For numbers larger than $2^{24}$, their binary representation will have more than 24 bits. When the decimal point is moved to the leading 1, the bits after that exceed 23 and will be truncated by the significand.

Decimal: 16800013
Hex:     0x100590D
Binary:  0001 [0000 0000 0101 1001 0000 1101]
float:      1.[0000 0000 0101 1001 0000 110] * 2^(24) 

double Standard

The analysis process for double precision is the same as for float. You can refer to the above analysis.
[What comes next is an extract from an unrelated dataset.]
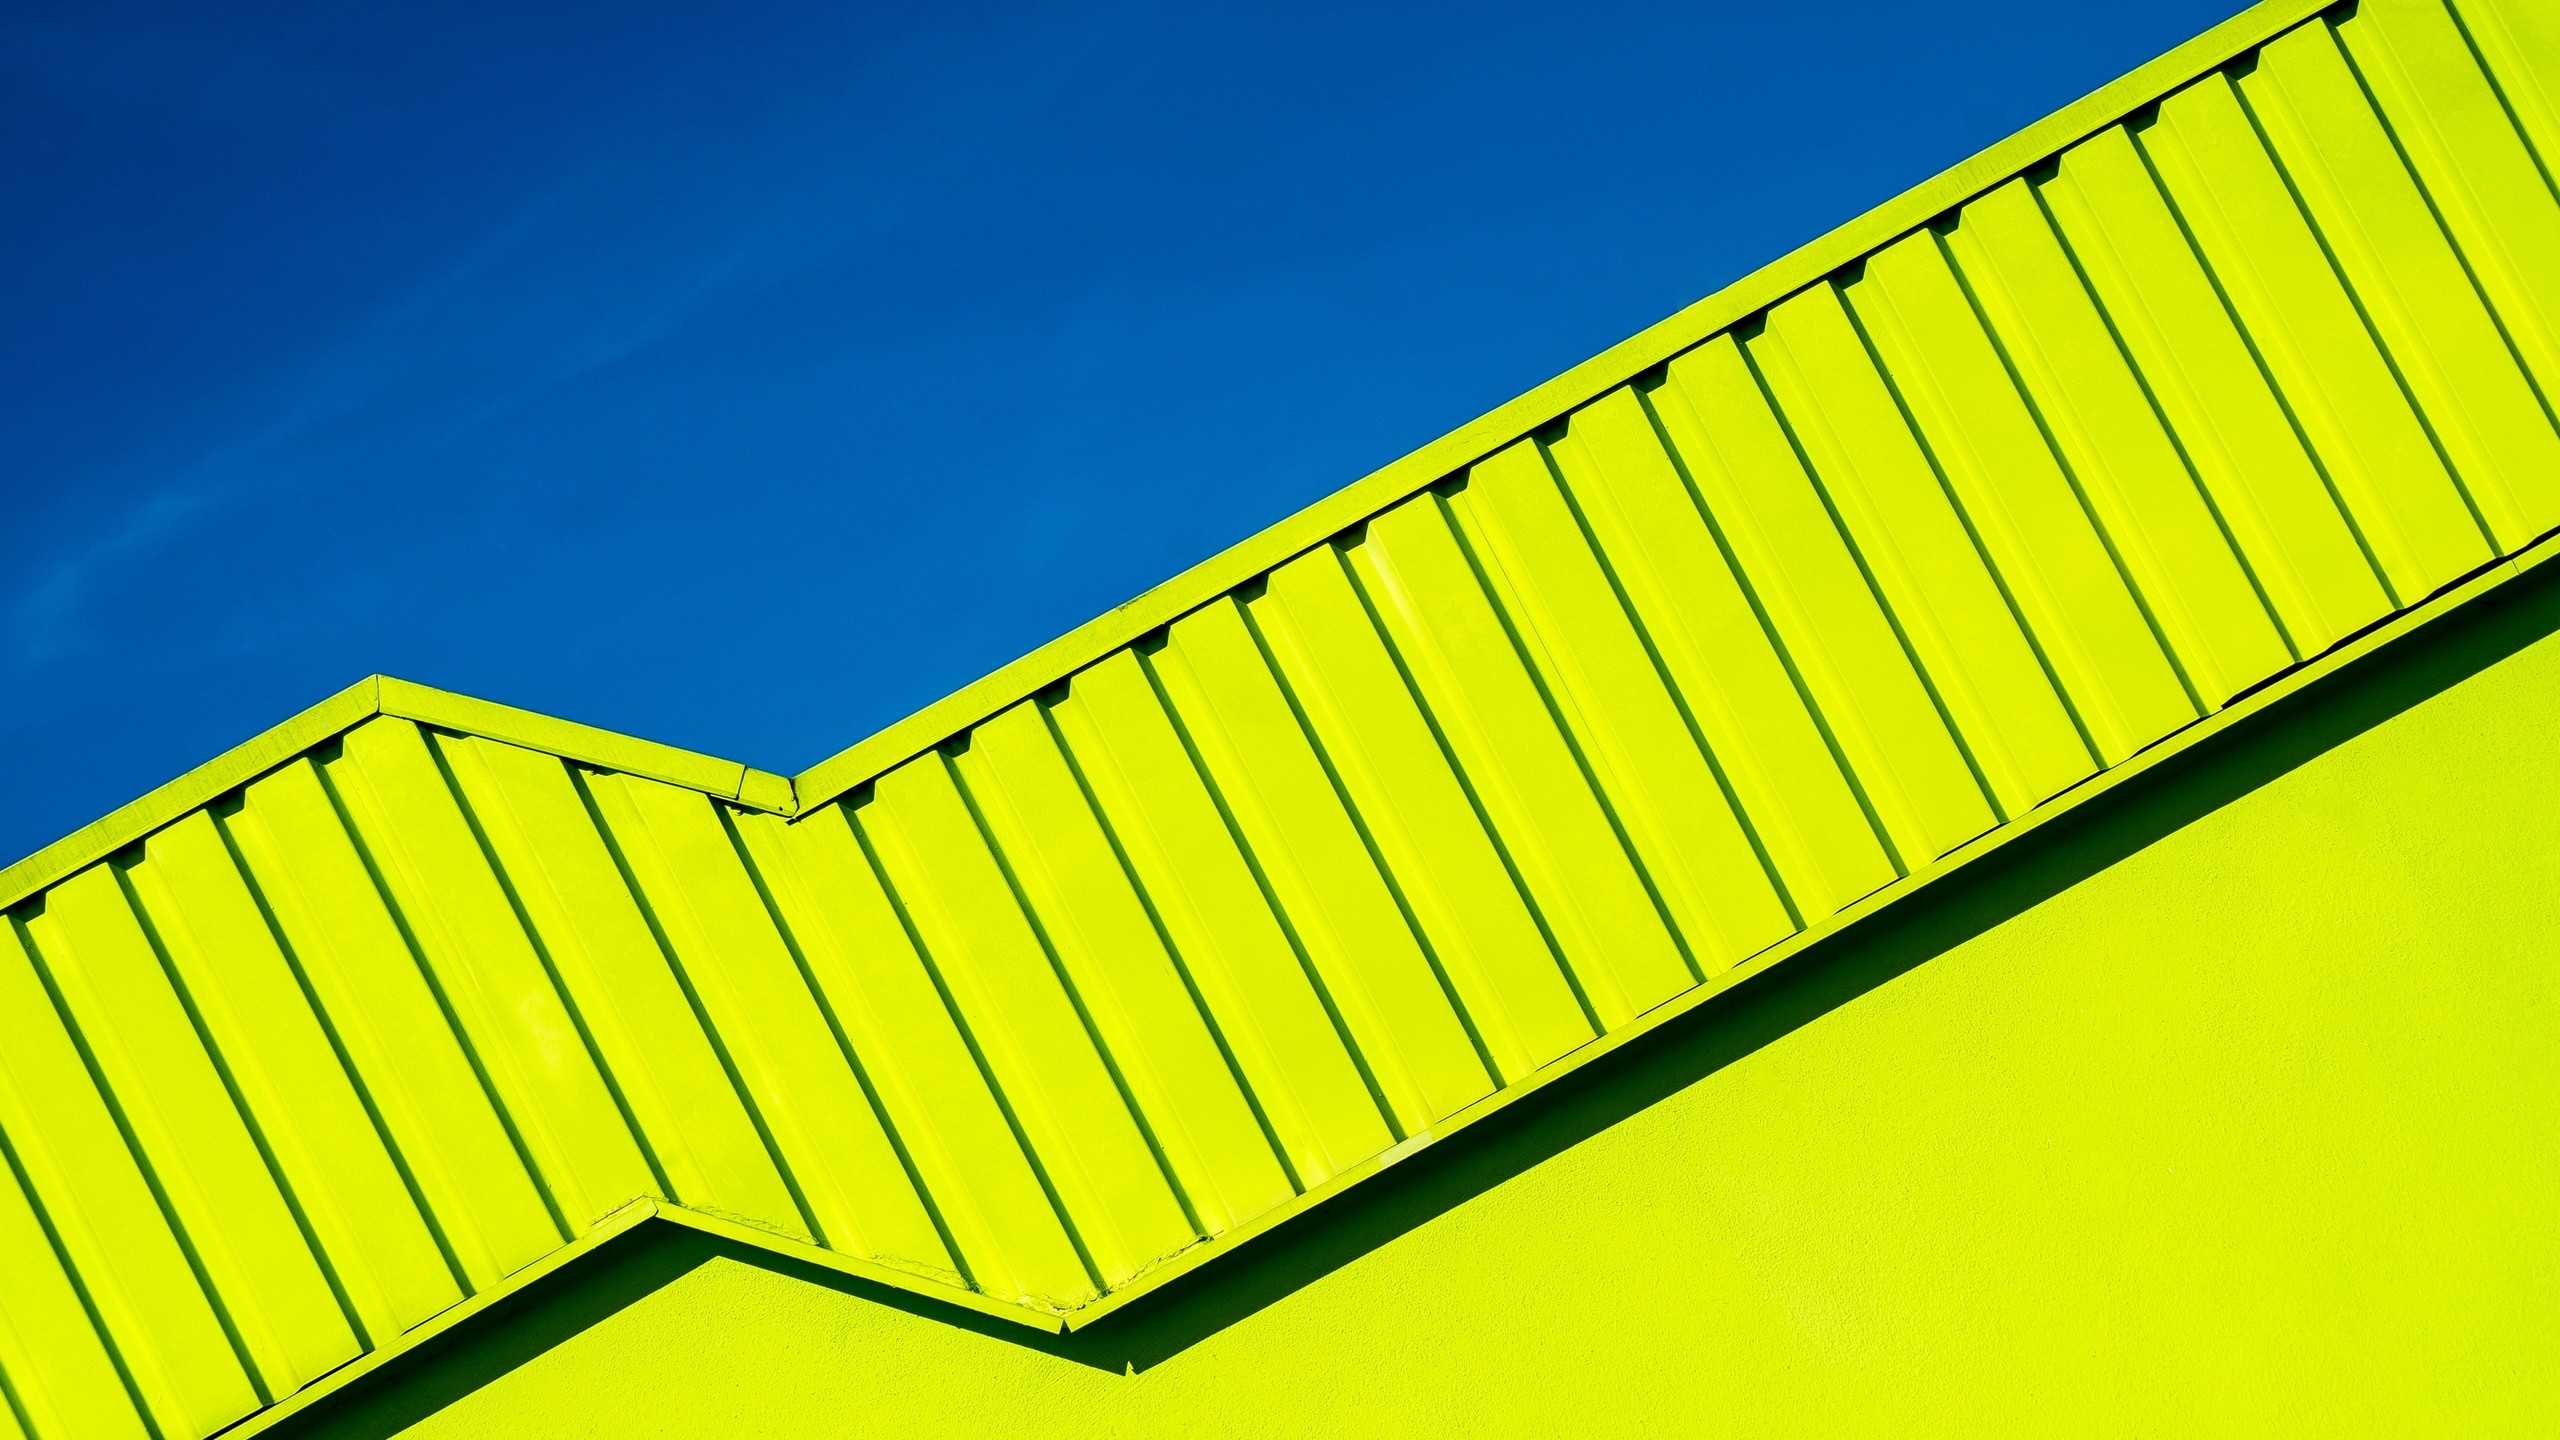 General 2560x1440 abstract architecture modern rooftops sky clear sky blue yellow shadow minimalism

The standard is here:
double-standard

Under the double standard, since the significand can have up to 63 bits, for positive integers, there will be no truncation issues within approximately $10^{18}$. This is also why Lua can use the number type to represent both integers and floating-point numbers (from Programming in Lua). lua-number

Conclusion

Float and double are very common built-in types in programming languages, but their encoding method makes their meaning less intuitive than integer and string types.

In most scenarios, we do not encounter or pay attention to the precision loss of float because the rounding up of float itself may mask the issue. However, in fields like billing and scientific computing, where precision is crucial, it is essential to pay special attention to the various scenarios of floating-point precision loss.

This article focuses on explaining the reasons for precision loss in float when representing special decimals, long significant digits, and large integers.